Background: We assessed whether treatment interruptions induce selection of mutations associated with drug resistance in the Swiss-Spanish Intermittent Treatment Trial (SSITT). Patients had been on HAART without previous failure and had undetectable viraemia for at least 6 months. Their HAART was interrupted for 2 weeks and restarted for 8 weeks. After four of these cycles, treatment was definitively interrupted at week 40.
Methods: Genotypic resistance testing was performed in 87/97 Swiss patients: in those failing treatment before week 40, at the time of first viral rebound > 500 copies/ml off treatment and preceding failure to reach RNA < 50 copies/ml after 8 weeks of re-treatment; for patients without virological failure, on the first sample with HIV-1 RNA > 1000 copies/ml after week 40.

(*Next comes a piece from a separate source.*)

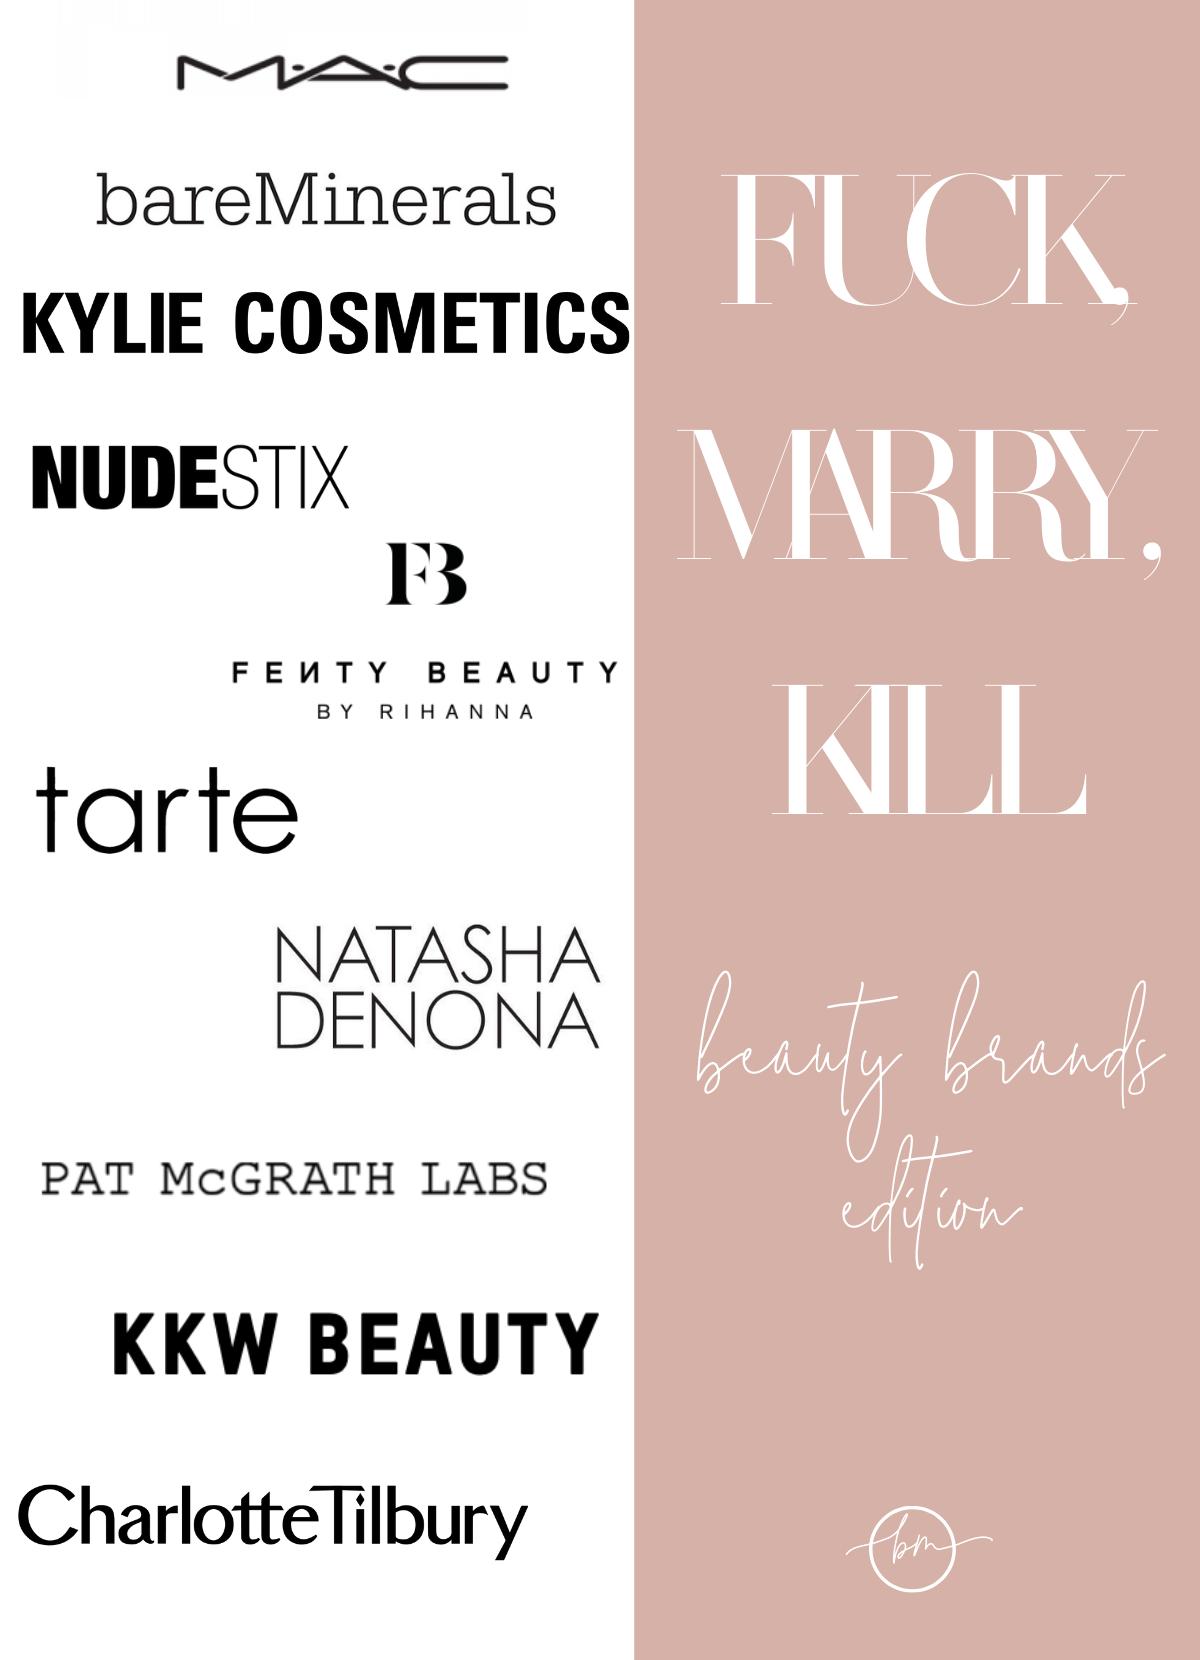 Fuck, Marry, Kill: Rating 10 Beauty Brands Edition

Results: Mutations associated with drug resistance were detected in 9/25 (36%) patients with virological failure during the first 40 weeks and in 6/59 (10%) patients after week 40. Overall, drug resistance mutations were detected in 17% of patients, all but two with the 184V/I mutation. Among the 74 patients receiving lamivudine, the M184V/I mutation was detected in 13/74 (17.6%) patients. A wild-type codon at position 184 was detected in previous samples in all but two. The relative risk for virological failure was 2.55-fold higher in patients with the M184V/I mutation than in patients without detectable mutation (P=0.007).
Conclusions: The M184V/I mutation is frequently selected during repeated treatment interruptions.